Along the muddy roads and forested rivers snaking through Central Africa, rebels and soldiers, traditional authorities and civil servants, erect roadblocks where they deploy the threat of violence to impose their will on passersby. There are, in fact, so many roadblocks in Central Africa that it is hard to find a road that does not have one. Peer Schouten has mapped over a thousand of them in the Democratic Republic of Congo (DRC), Central African Republic, and South Sudan. In his talk, Schouten will present the main findings of his book Roadblock Politics: the Origins of Violence in Central Africa (Cambridge University Press, 2022), which argues that roadblocks aren’t just a symptom of corruption or state failure but encapsulate a distinct and meaningful form of order-making. The failure to recognise the central role of roadblocks in this region is due to the stubborn myth that political actors, armed or not, behave like aspiring Westphalian states, trying to control as much territory and people as possible.

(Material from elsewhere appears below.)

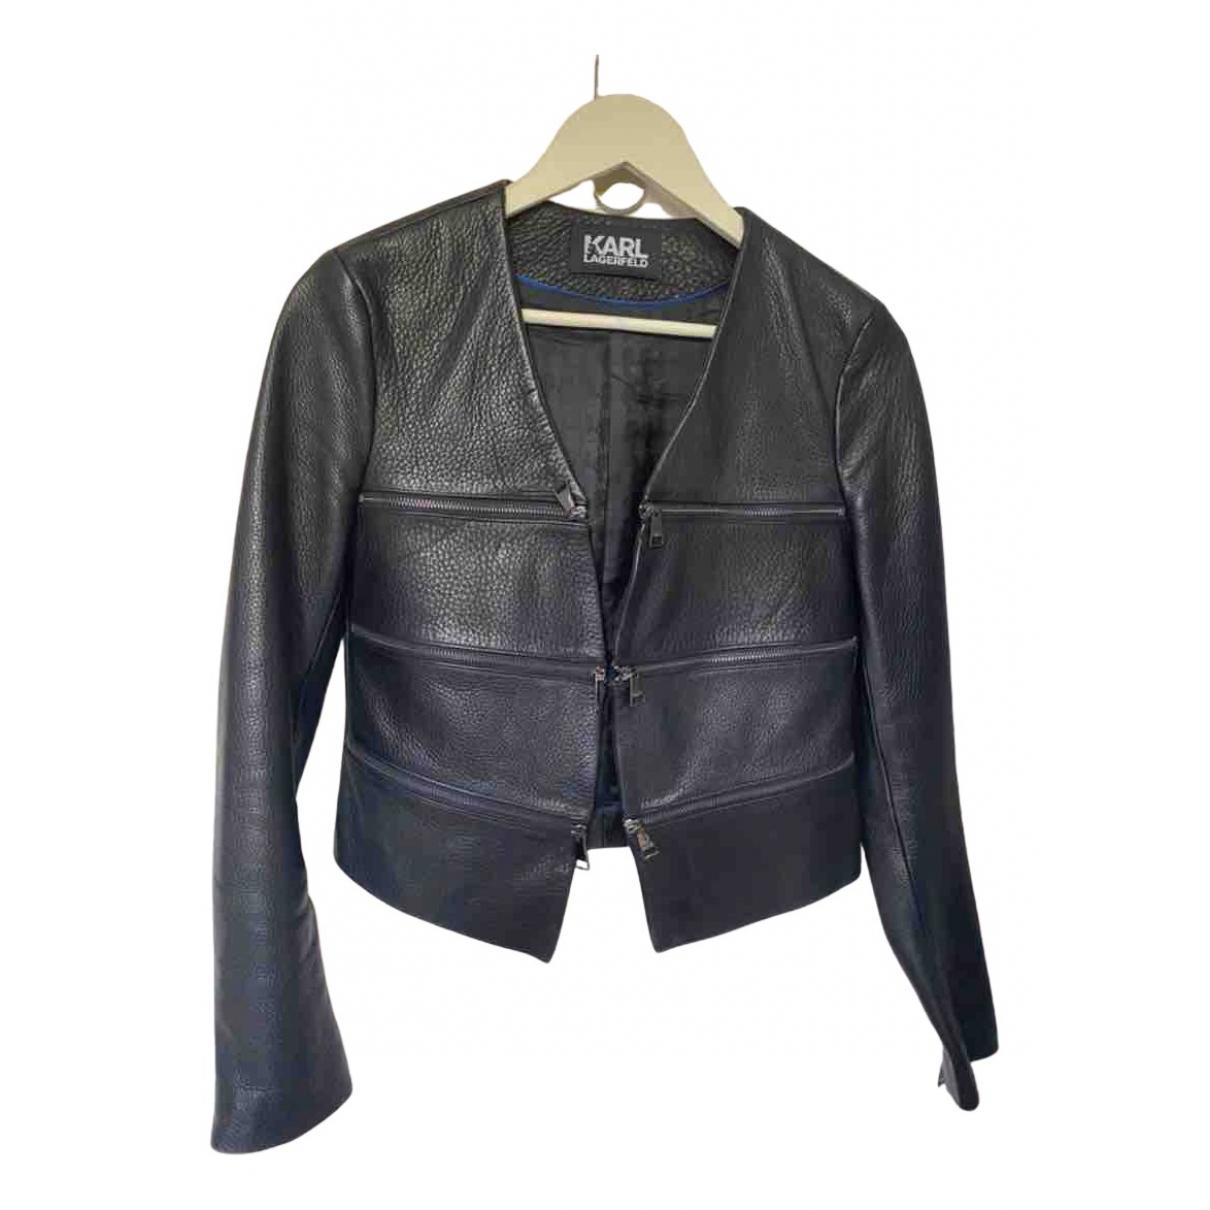 Karl Lagerfeld N Black Leather Leather jacket for Women 38 FR

Zooming in on in the DRC, Schouten discusses how communities, rebels and state security forces forge resistance and power out of control over these narrow points of passage. Roadblock Politics reveals the connections between these roadblocks in Central Africa and global supply chains, tracking the flow of multinational corporations and UN agencies alike through them, to show how they encapsulate a form of power, which thrives under conditions of supply chain capitalism. The book also traces how crucial control over long-distance trade has been in the deep history of the region. In doing so, he develops a new lens through which to understand what drives state formation and conflict in the region, offering a radical alternative to explanations that foreground control over minerals, territory or population as key drivers of Central Africa's violent history.
Peer Schouten (PhD) is a senior researcher at the Danish Institute for International Studies and associate researcher at the International Peace Information Service. His research focuses on the political economy of conflict in Africa, with a focus on how local forms of order-making entangle with global actors and dynamics. As such, he has published widely on the links between business and conflict, infrastructure and state building, extractive industries, and on roadblocks - all grounded in an empirical commitment to Central Africa.